“Such situations are abhorrent to our beliefs and values,” Mr. Flanagan said. “By removing this provision from our Constitution, we can send a strong message to the world that laws against blasphemy do not reflect Irish values.”
The second clause that may go before voters in October is in a part of the Constitution covering the family.
“In particular,” it says, “the State recognises that by her life within the home, woman gives to the State a support without which the common good cannot be achieved. The State shall, therefore, endeavour to ensure that mothers shall not be obliged by economic necessity to engage in labour to the neglect of their duties in the home.”
Ailbhe Smyth, a veteran feminist campaigner, said that provision was a relic.

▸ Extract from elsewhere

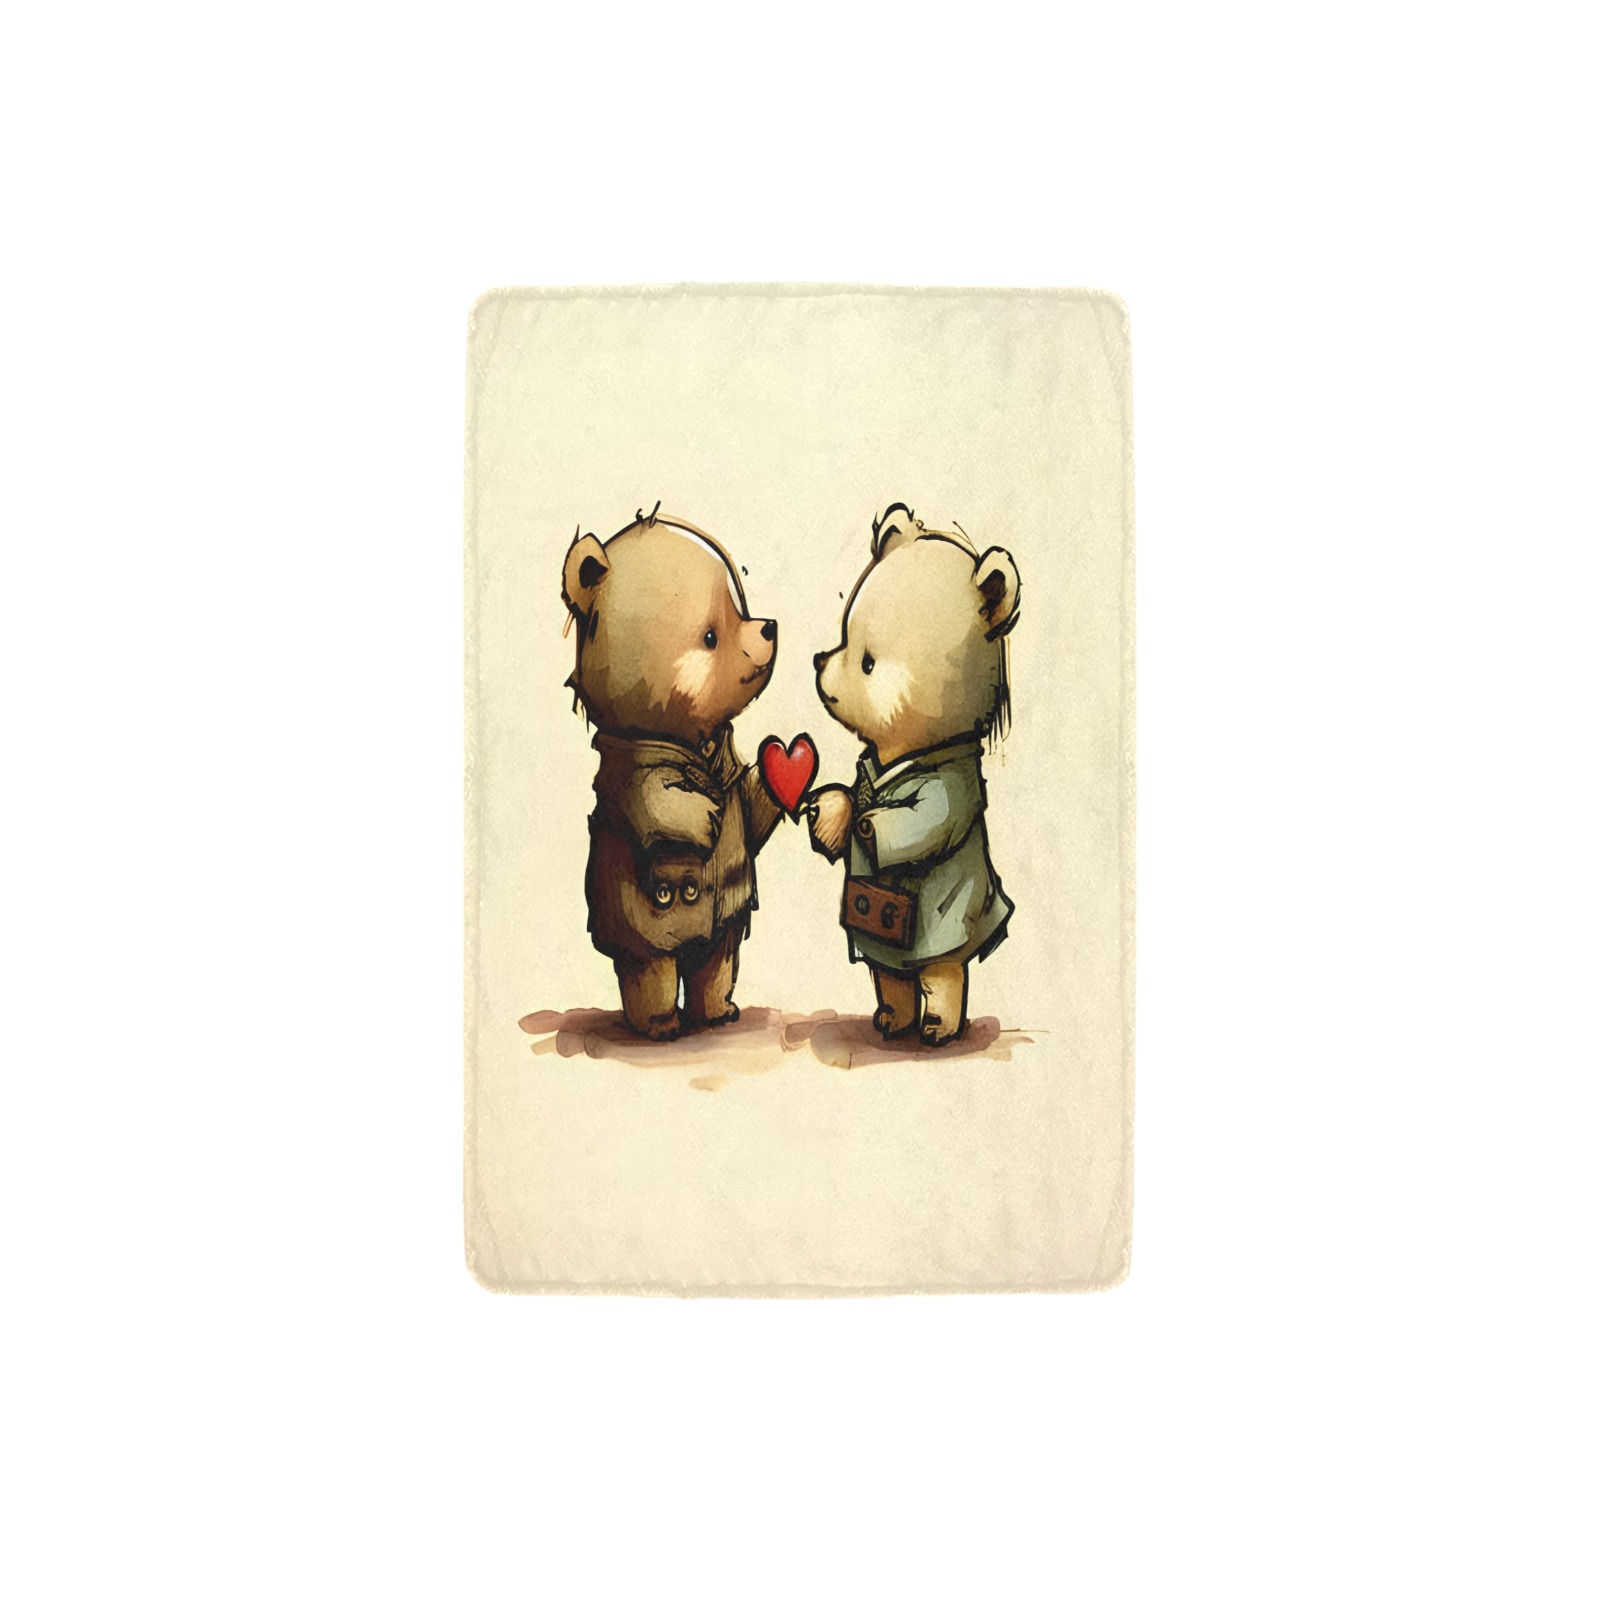 Little Bears 3 Ultra-Soft Micro Fleece Blanket 32"x48"
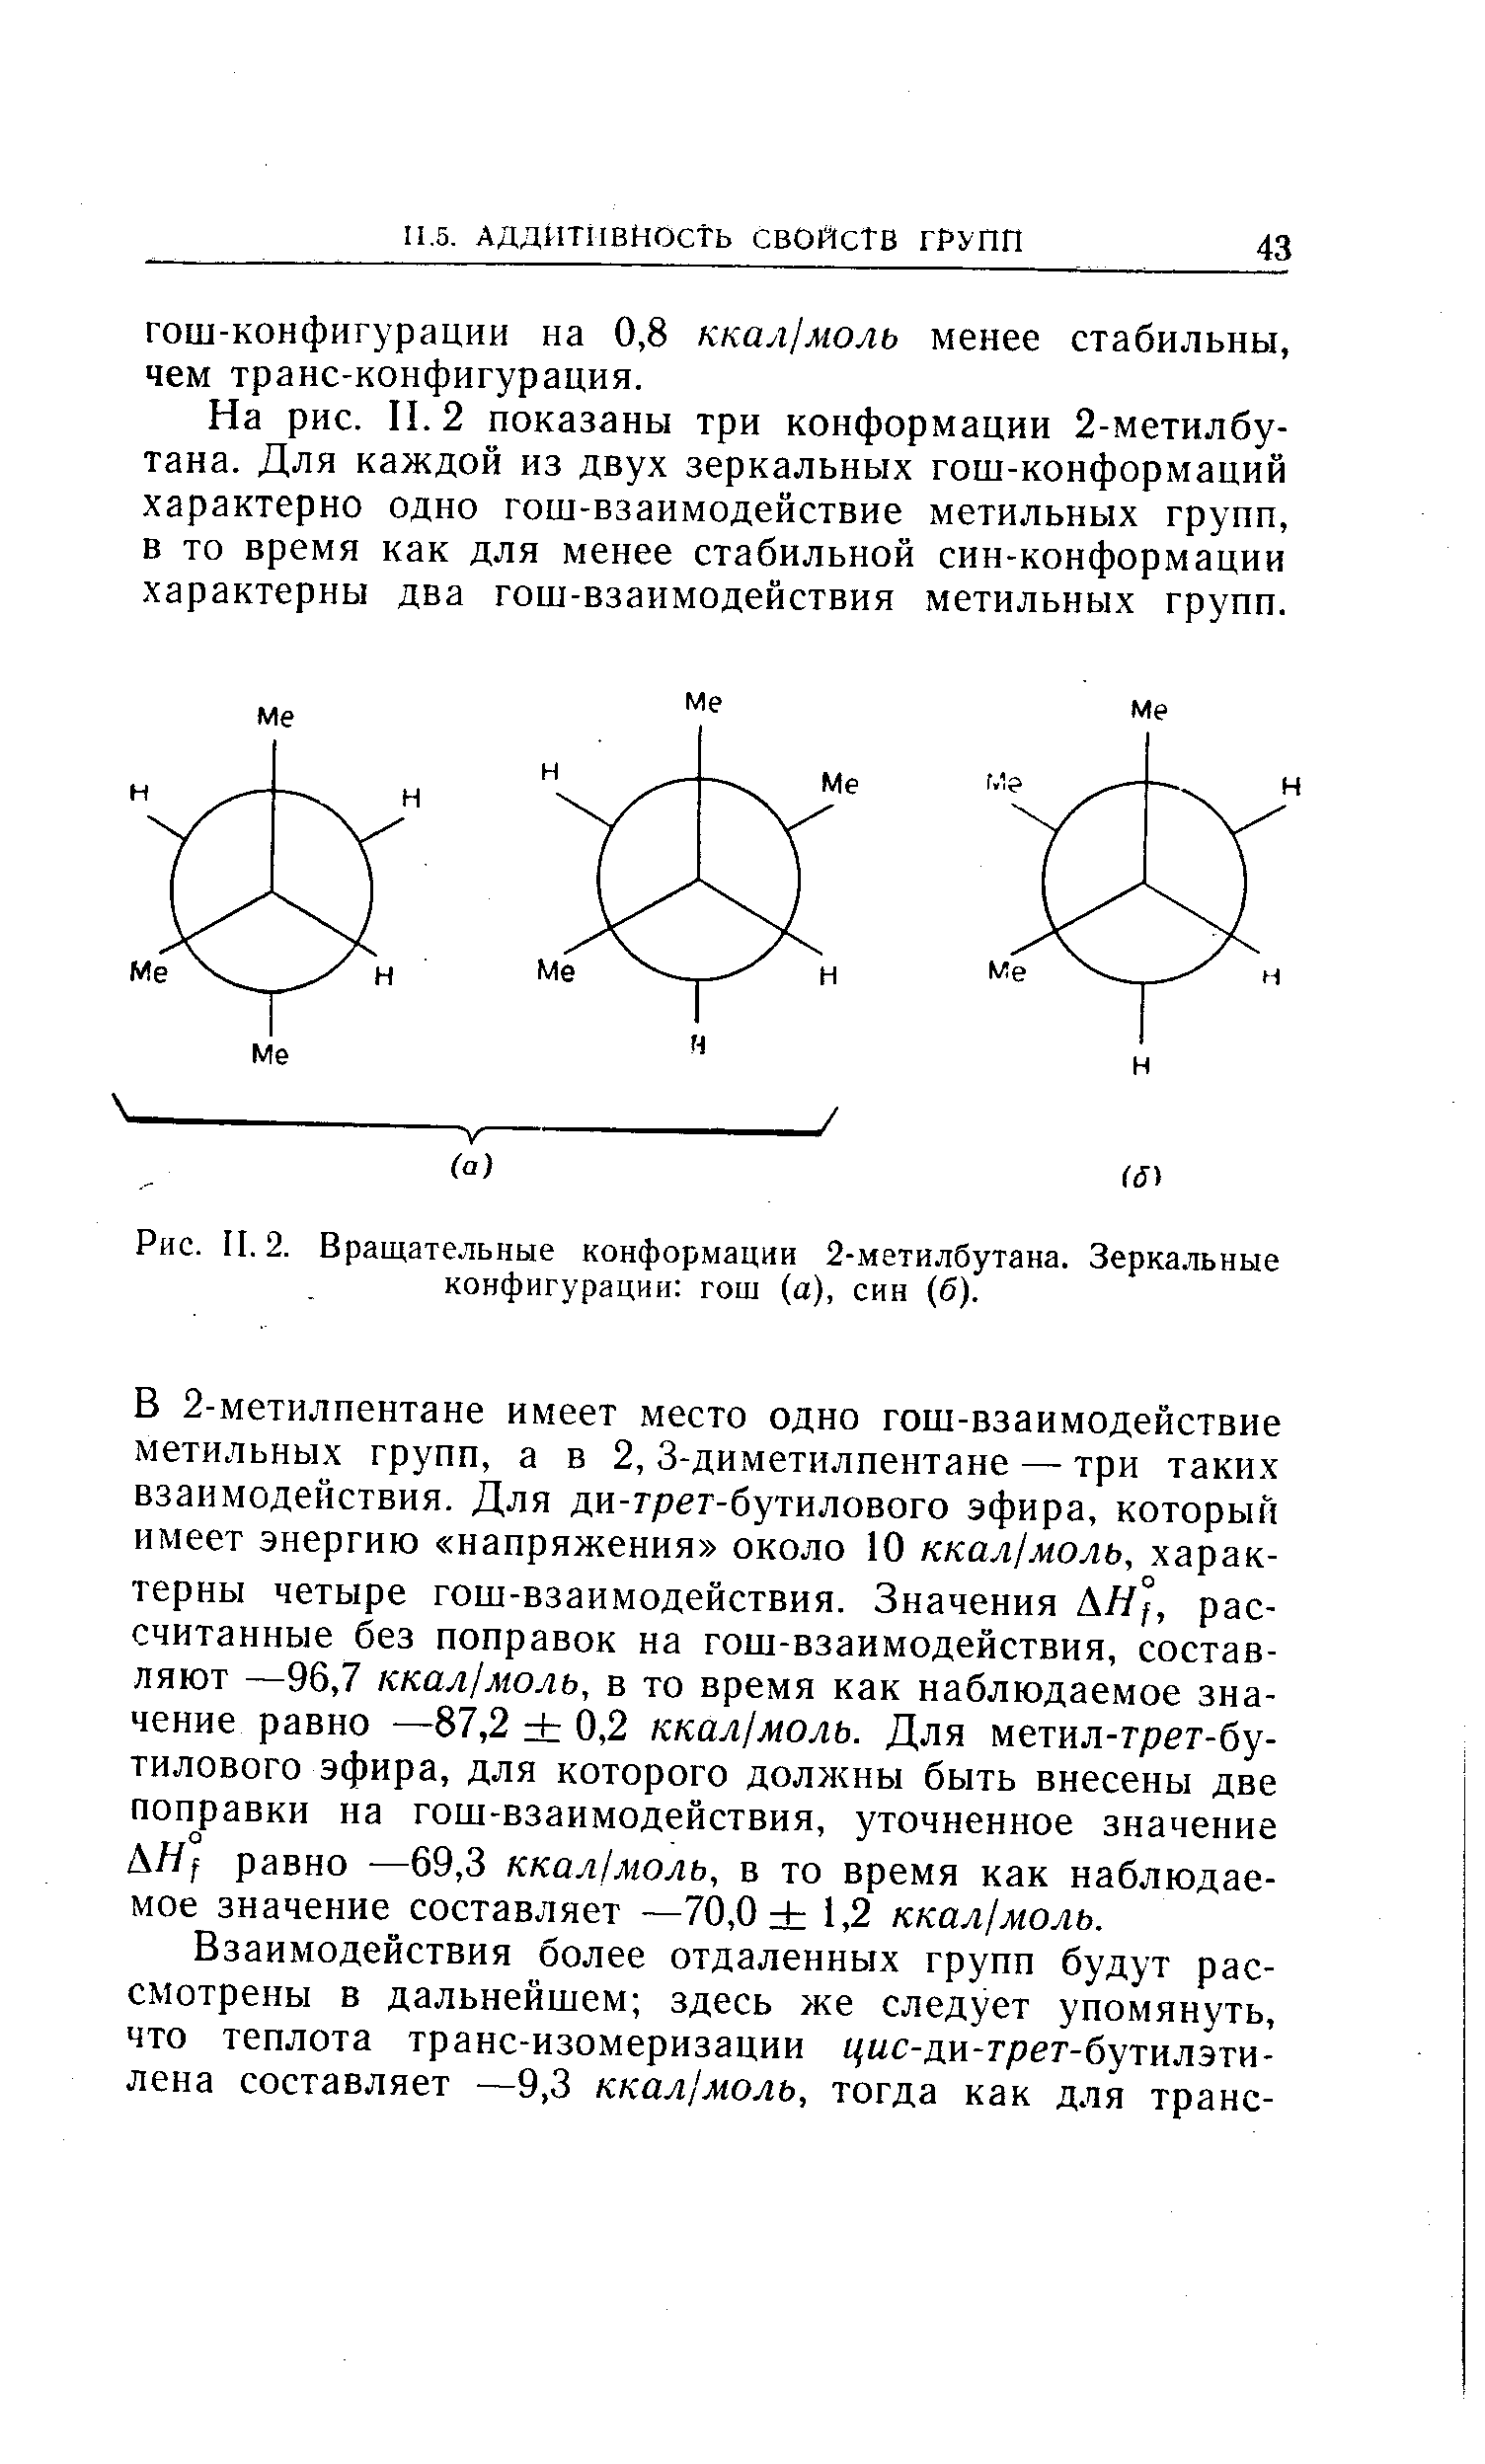 На рис. II. 2 показаны три конформации 2-метилбу-тана. Для каждой из двух зеркальных гош-конформаций характерно одно гош-взаимодействие метильных групп, в то время как для менее стабильной син-конформации характерны два гош-взаимодействия метильных групп.

“It was very patriarchal,” she said. “The problem was, it never did women any good. It was never used by any government to ensure that women, or anyone else who stayed in the home, got any extra support or recognition. It’s redundant and obsolete and needs to be placed with all the other relics that Ireland is now getting rid of.”
Irish citizens have, in fact, found repeated occasion in recent years to revisit the social strictures embedded in their Constitution. They have voted to allow divorce and same-sex marriage and, last month, to remove an abortion ban.
“Things like abortion and same-sex marriage and blasphemy are seen as religious issues, sectarian issues, and there is now a desire to remove them from the Constitution,” said Dr. Daly, the university lecturer. “It’s about how we make statements about ourselves and express our changing identity.”
Unlike the referendums on divorce, same-sex marriage and abortion, the move to decriminalize blasphemy has met with little opposition from the Irish Catholic Church or from most religious denominations.